“We cannot solve our problems with the same thinking we used when we created them.” – Albert Einstein

Posted on by Steve Reick | 1 Comment

Cook County “Pop Tax” Creates Entrepreneurial Opportunity

The latest story to hit the airwaves is the threat by the Federal government to cut off food stamp (SNAP) benefits to Cook County as a result of its 1 cent per ounce “pop tax”, which could result in an estimated cut of $87 million to the county. I find this to be hilarious on several fronts.

This all stems from the fact that items purchased using a SNAP card are exempt from sales tax. The Feds are saying that unless Cook County finds an acceptable workaround to allow for the purchase of SNAP-eligible items exempt from the new sales tax, Federal funds are at risk.

First, the County was apparently informed of this back in June, but it went ahead and imposed it anyway. It would appear that gluttony isn’t a vice reserved to individuals.

Next, when the Illinois Retail Merchants’ Association’s (IRMA) suit to have the tax repealed on Constitutional grounds was dismissed by a Federal judge, the County sued IRMA for $17 million, simply for asserting a right in court. The suit has been withdrawn, but not before an ordinance was proposed by a member of the Cook County Board to require board approval prior to filing any similar suit, and legislation has been filed in the House seeking a similar result.

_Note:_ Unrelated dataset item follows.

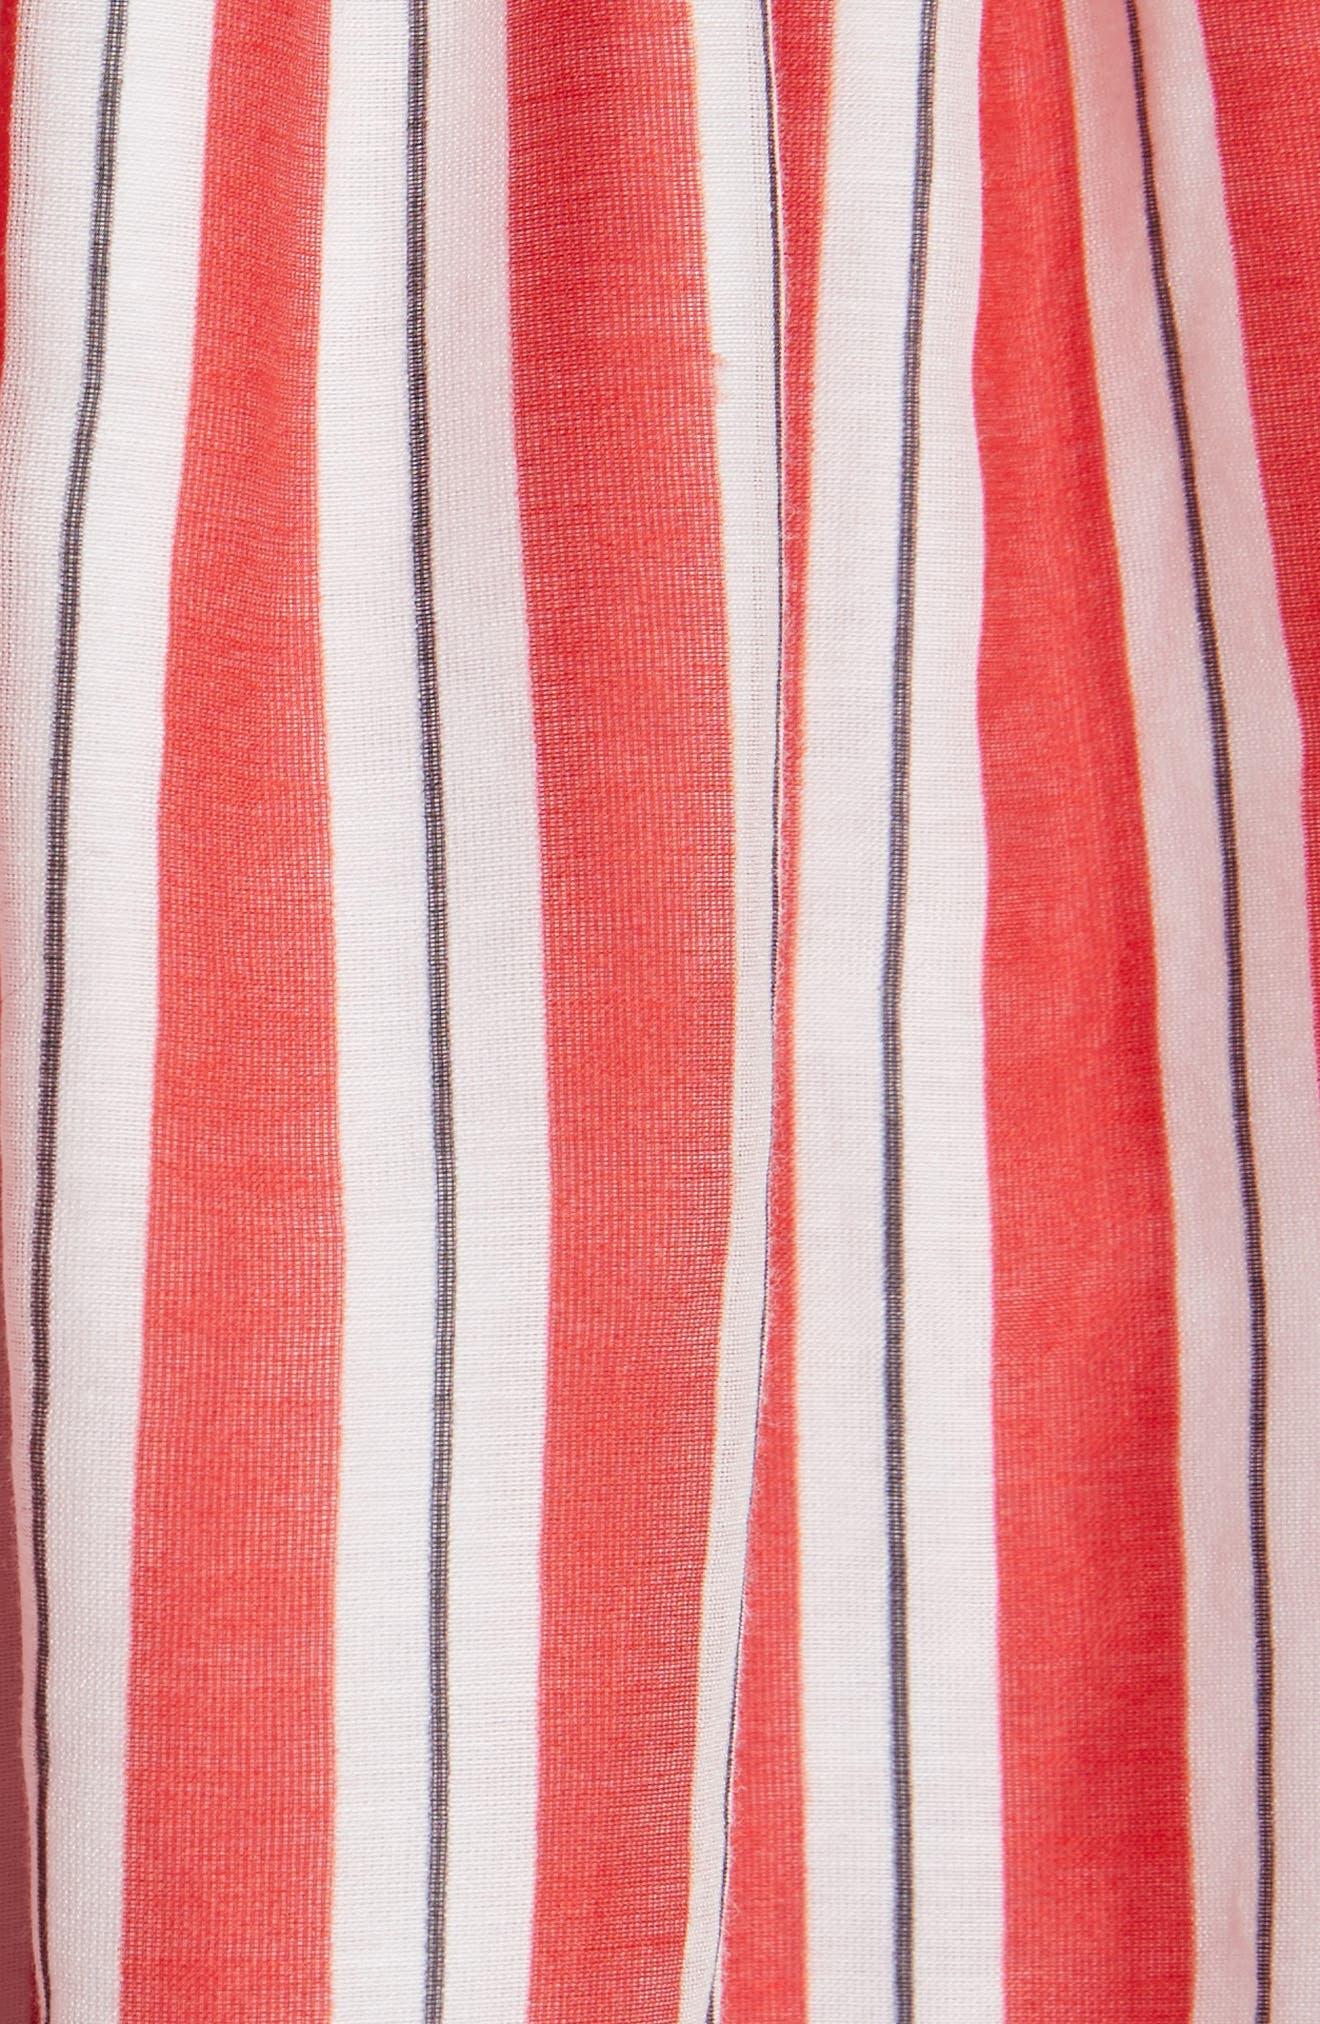 Alessandra Off the Shoulder Silk Top,                             Alternate thumbnail 5, color,

Once again, here’s an instance of government’s habit of “ready, fire, aim”.

Finally, and most hilarious of all, one of the stated goals of the SNAP program, straight from the IDHS website is to: “help low-income people and families buy the food they need for good health.” Nothing screams “good health” like a 2-liter bottle of Mountain Dew. (Parenthetically: The tax is calculated on a “per ounce” basis, who’s doing the math on the metric conversions?)

However, there’s a silver lining around this particular dark cloud. Since drinks purchased using SNAP benefits are tax-exempt, I will lay a dollar to a donut that some bright entrepreneurial SNAP recipient is already buying up every 12 pack of pop in sight with an eye to creating a business selling “loosies”.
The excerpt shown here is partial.